I've put together an application that I plan on writing plugins for. In order to keep everything separate and make updating easy, I figured writing individual class libraries would be the best solution. The problem I'm running into is that my dll can't communicate with it's parent. Is this only one-way communication?
I dynamically load the dll at runtime and can tell it to do what I want it to do without any problems. The problem I encounter is after it's finished doing its work, I can't get it to signal the parent that it's finished. I don't want the parent to hang and wait for it, so I open a new thread in the dll to do the "work". I tried something as simple as passing a self reference to the dll when it's opened, but I get an access violation when I try to access something on the parent from the DLL.

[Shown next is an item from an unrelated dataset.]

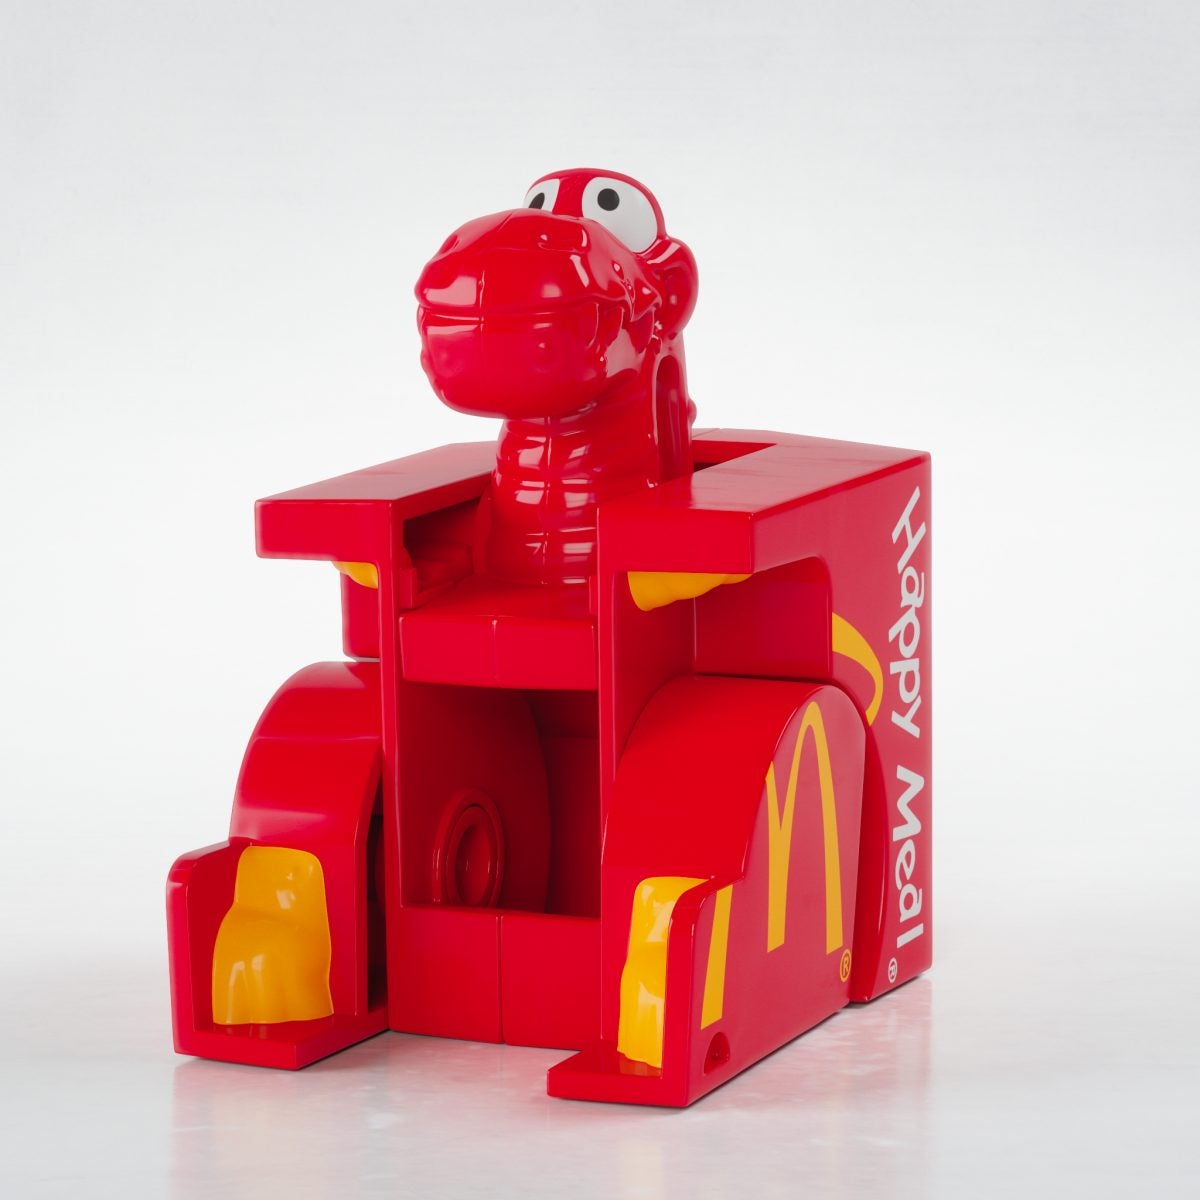 Iconic Mcdonald's Happy Meal Toys From Our Childhood Available From Nov 28 &Amp; We're Feeling Nostalgic - World Of Buzz 8
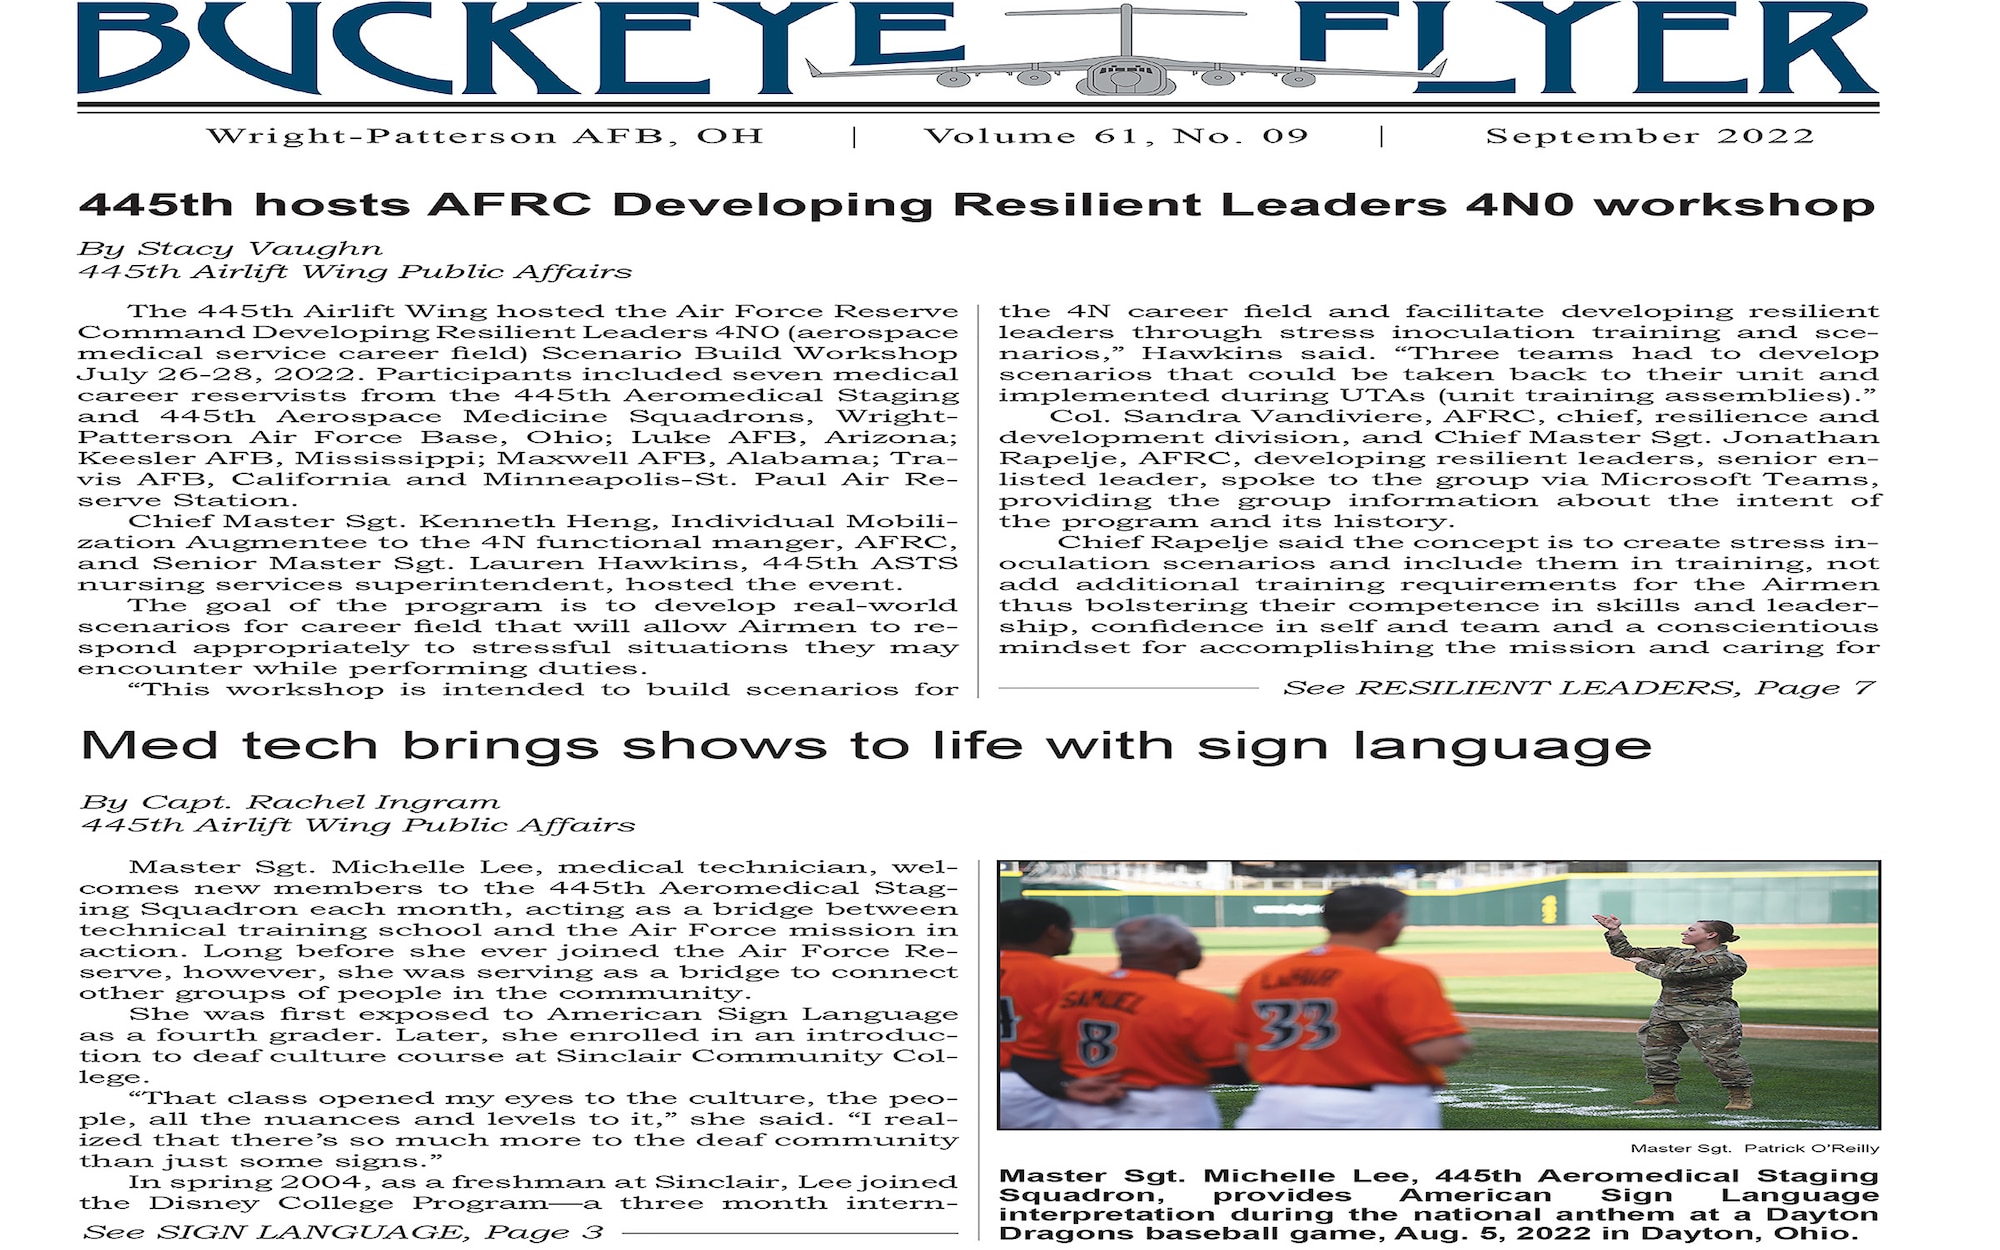 The September 2022 issue of the Buckeye Flyer is now available. The official publication of the 445th Airlift Wing includes eight pages of stories, photos and features pertaining to the 445th Airlift Wing, Air Force Reserve Command and the U.S. Air Force.

All of my searches come up mentioning WCF and named pipes. I feel like it should be a simpler solution than this, like the self reference. Is WCF the way to go for this? Any other/better solutions?
ModuleHandler.cs:
using System;
using System.IO;
using System.Reflection;
namespace Collector
{
class ModuleHandler
{
public ModuleHandler()
{
LoadStaticModules();
}
private void LoadStaticModules()
{
Assembly assembly = Assembly.Load("Module_WaitForIt");
Type[] types = assembly.GetTypes();
dynamic module = Activator.CreateInstance(types[0]);
module.StartSleeping();
}
public void TestMethod()
{
Console.WriteLine("TestMethod()");
}
}
}
Module_WaitForIt:
using System.Threading;
namespace Module_WaitForIt
{
public class WaitModule
{
public void StartSleeping()
{
System.Console.WriteLine("Sleeping");
Thread t = new Thread(() => SleepyThread());
}
public void SleepyThread()
{
Thread.Sleep(10000);
}
}
}
In this example, I want Module_WaitForIt.SleepyThread() to call ModuleHandler.TestMethod() after it sleeps for 10 seconds.